Defendant also suggests there is no due process claim because the three-day disciplinary confinement is a de minimis injury. It is true that there is "a de minimis level of imposition with which the Constitution is not concerned." Bell, 441 U.S. at 539 n.21 (internal quotation omitted). Defendant has cited no authority holding that three days of disciplinary confinement for a pretrial detainee is "a de minimis level of imposition."
III. Potential for Settlement
With his opposition to the motion to dismiss, plaintiff attached copies of correspondence indicating the parties engaged in some written communications regarding potential settlement of the case, prior to defendant's retention of counsel. The court has not relied on the contents of those communications in recommending a resolution of defendant's motion to dismiss. Fed. R. Evid. 408.
The court independently, however, has determined that this case is appropriate for referral to the court's mediation program for prisoner civil rights cases. By separate order, this case will be set for mediation with plaintiff appearing by video. The time for the parties to file objections to the foregoing findings and recommendations will be extended to allow for the mediation to be concluded before any objections need be filed.

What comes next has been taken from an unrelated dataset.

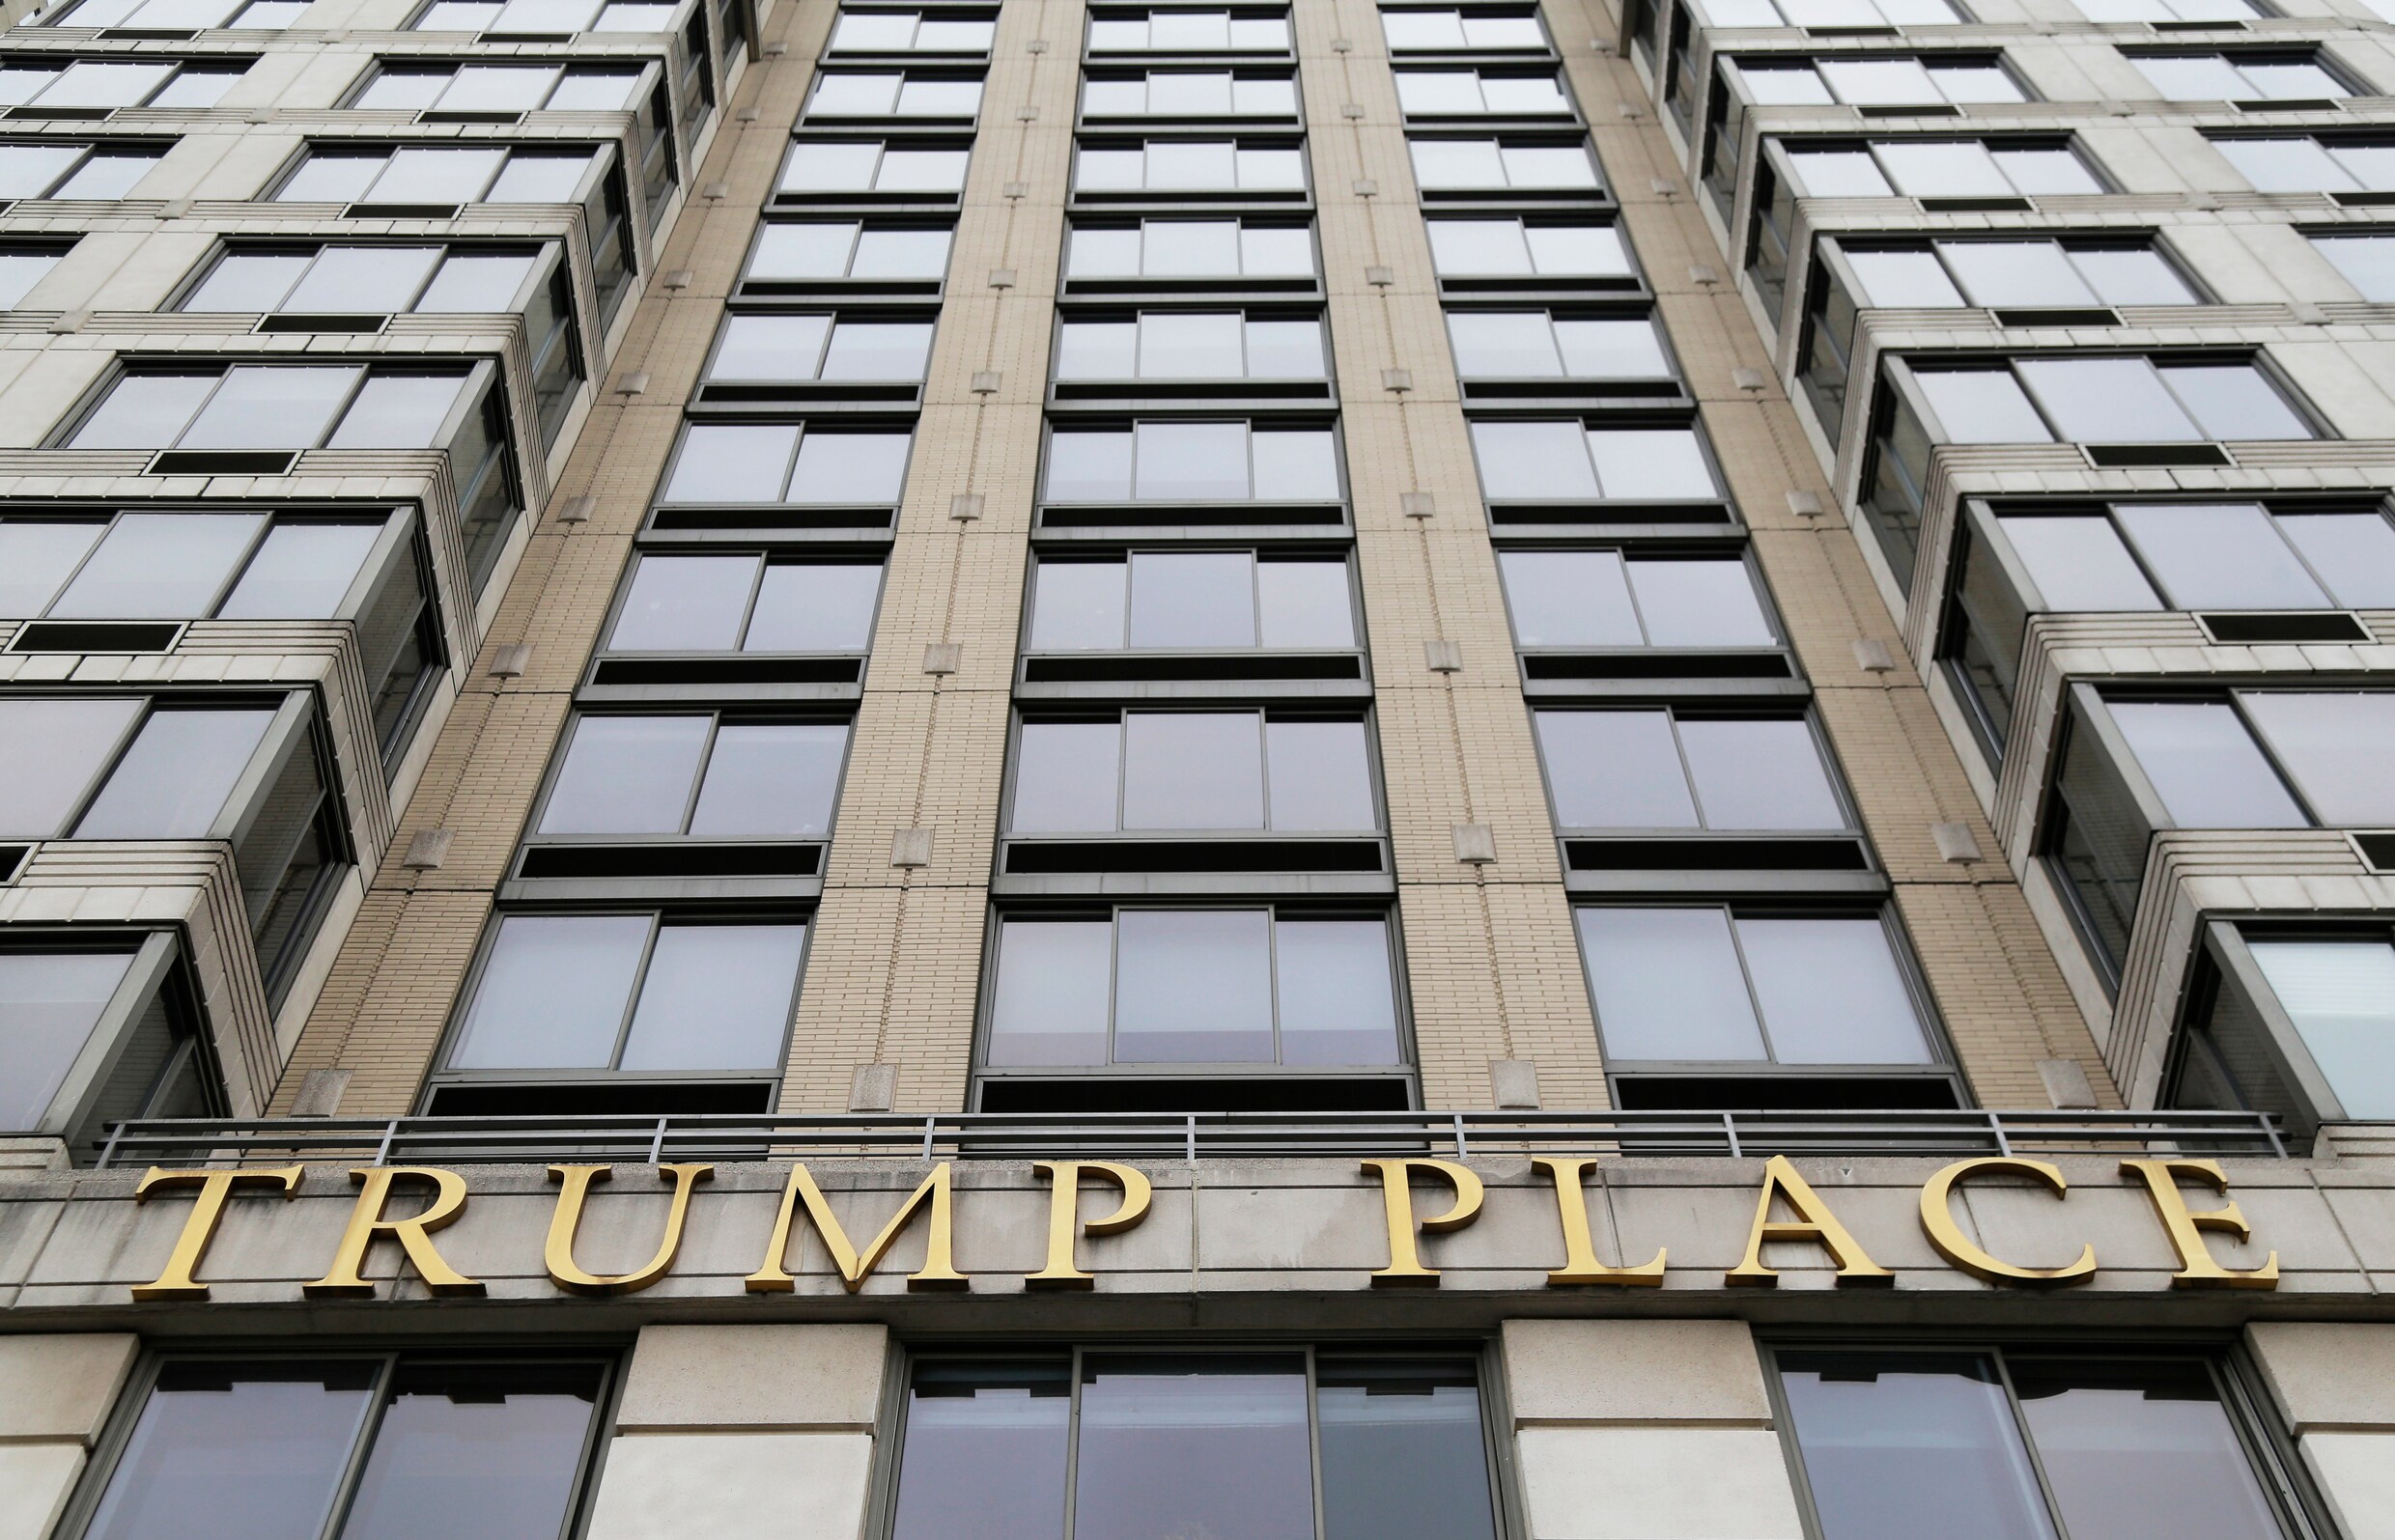 Bewoners stemmen naam ‘Trump Place’ weg voor appartementsblok in New York

IT IS HEREBY ORDERED that the Clerk of the Court assign a district judge to this action.
IT IS HEREBY RECOMMENDED that defendant's motion to dismiss (docket no. 13) be denied.

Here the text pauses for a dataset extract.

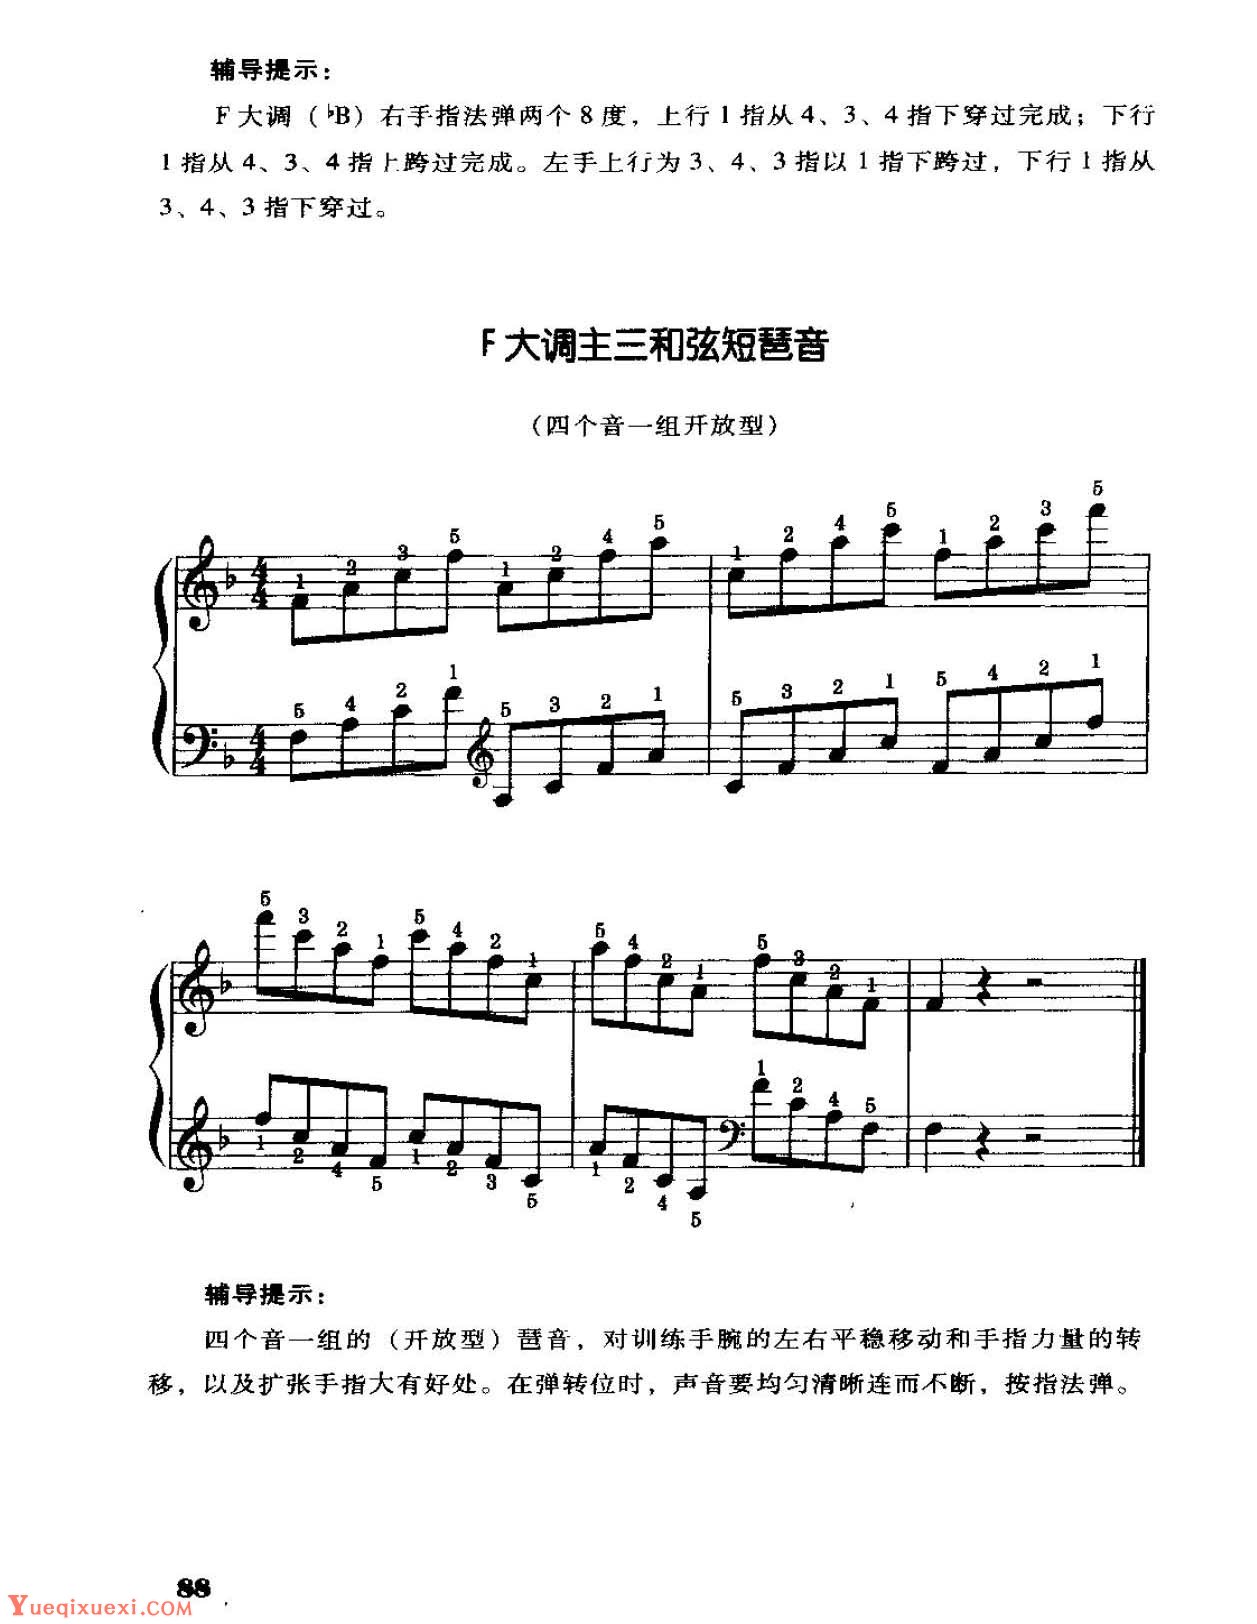 电子琴常用调练习曲多指和弦伴奏 F大调音阶、终止式、琶音

These findings and recommendations are submitted to the United States District Judge assigned to the case, pursuant to the provisions of 28 U.S.C. § 636(b)(l). Within forty-five days after being served with these findings and recommendations, any party may file written objections with the court and serve a copy on all parties. Such a document should be captioned "Objections to Magistrate Judge's Findings and Recommendations." Any reply to the objections shall be served and filed within fourteen days after service of the objections. The parties are advised that failure to file objections within the specified time may waive the right to appeal the District Court's order. Martinez v. Ylst, 951 F.2d 1153 (9th Cir. 1991).